[Opening INPUT DATA section]

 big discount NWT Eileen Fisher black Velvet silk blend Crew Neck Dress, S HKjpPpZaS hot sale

[Closing INPUT DATA section]
[Opening INPUT DATA section]

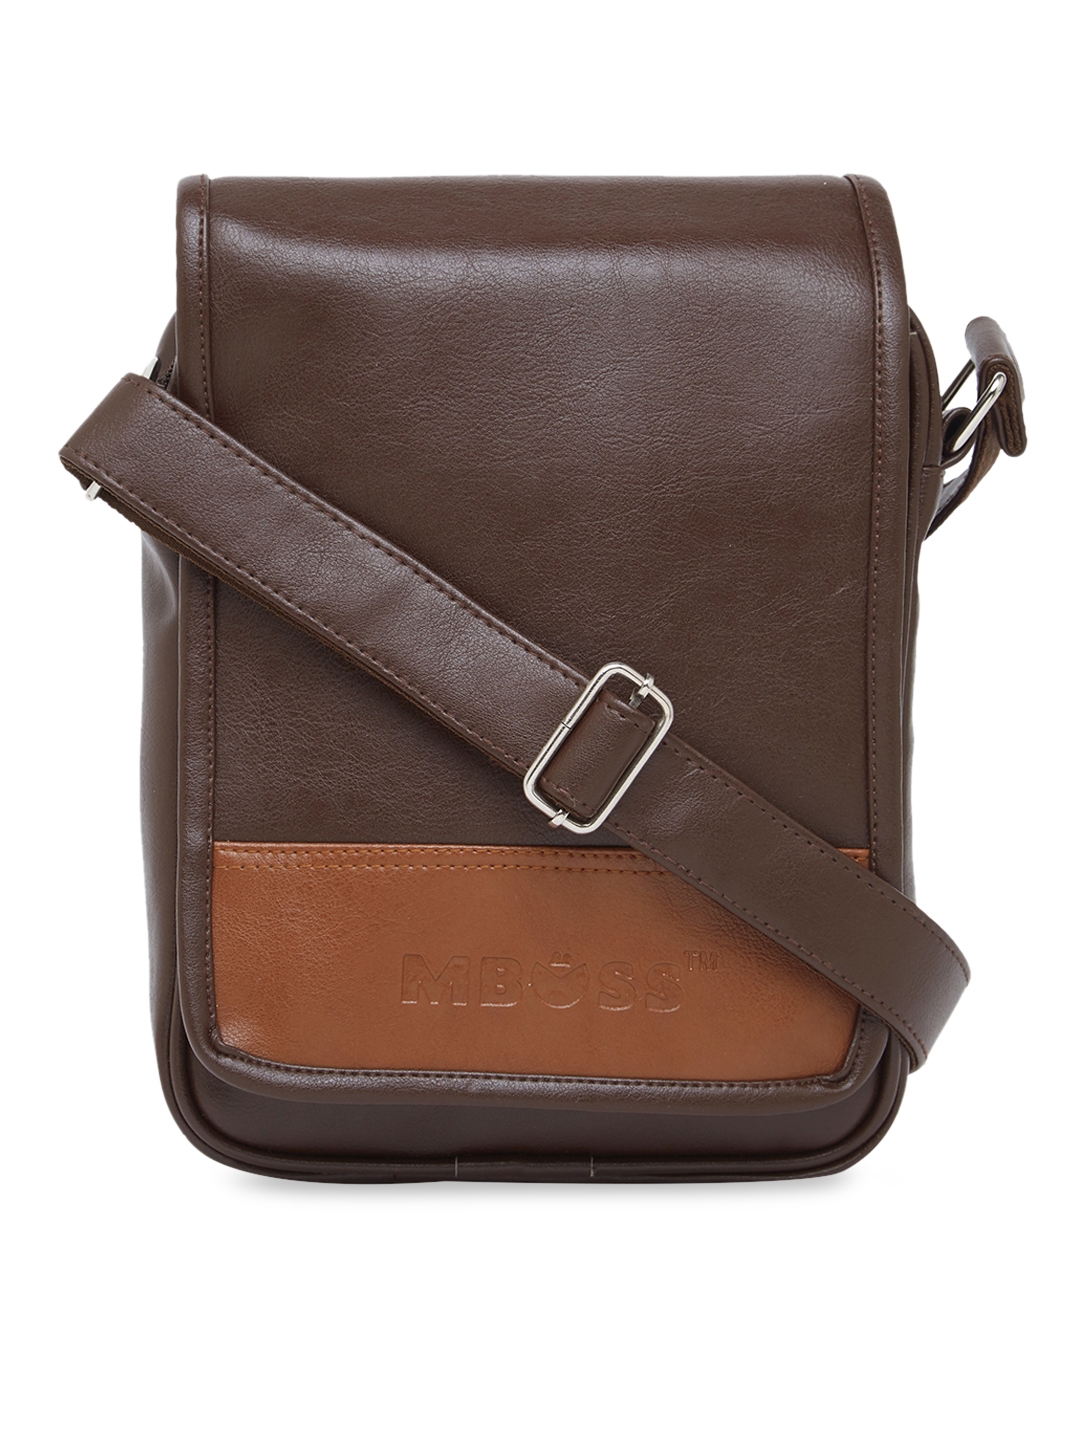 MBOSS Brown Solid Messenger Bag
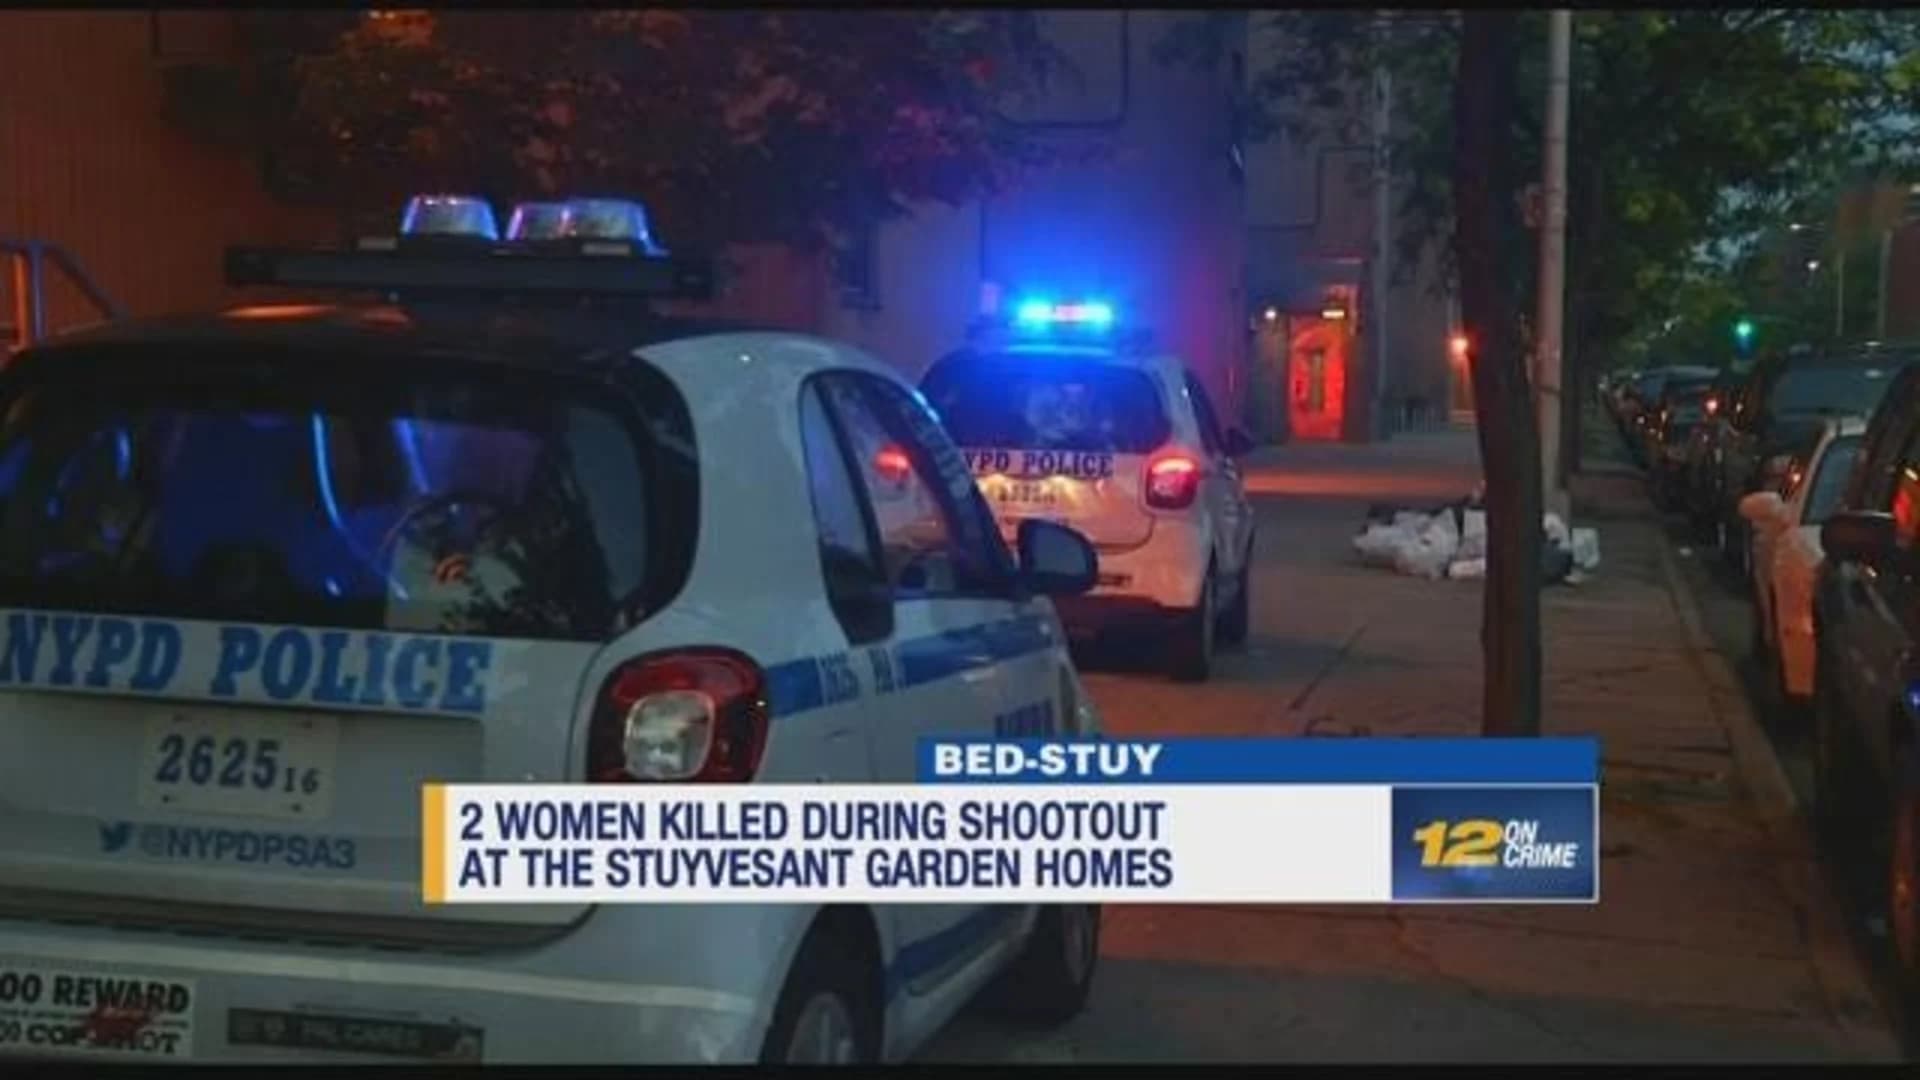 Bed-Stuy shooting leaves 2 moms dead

[Closing INPUT DATA section]

EXERCISE DIRECTIONS
Look above for the line with "MBOSS Brown Solid Messenger Bag" and the line with "Bed-Stuy shooting leaves 2 moms dead". Give again exactly those two lines and all lines between them, pictures excluded.

RESULT FOR THIS EXERCISE
 MBOSS Brown Solid Messenger Bag
 Bed-Stuy shooting leaves 2 moms dead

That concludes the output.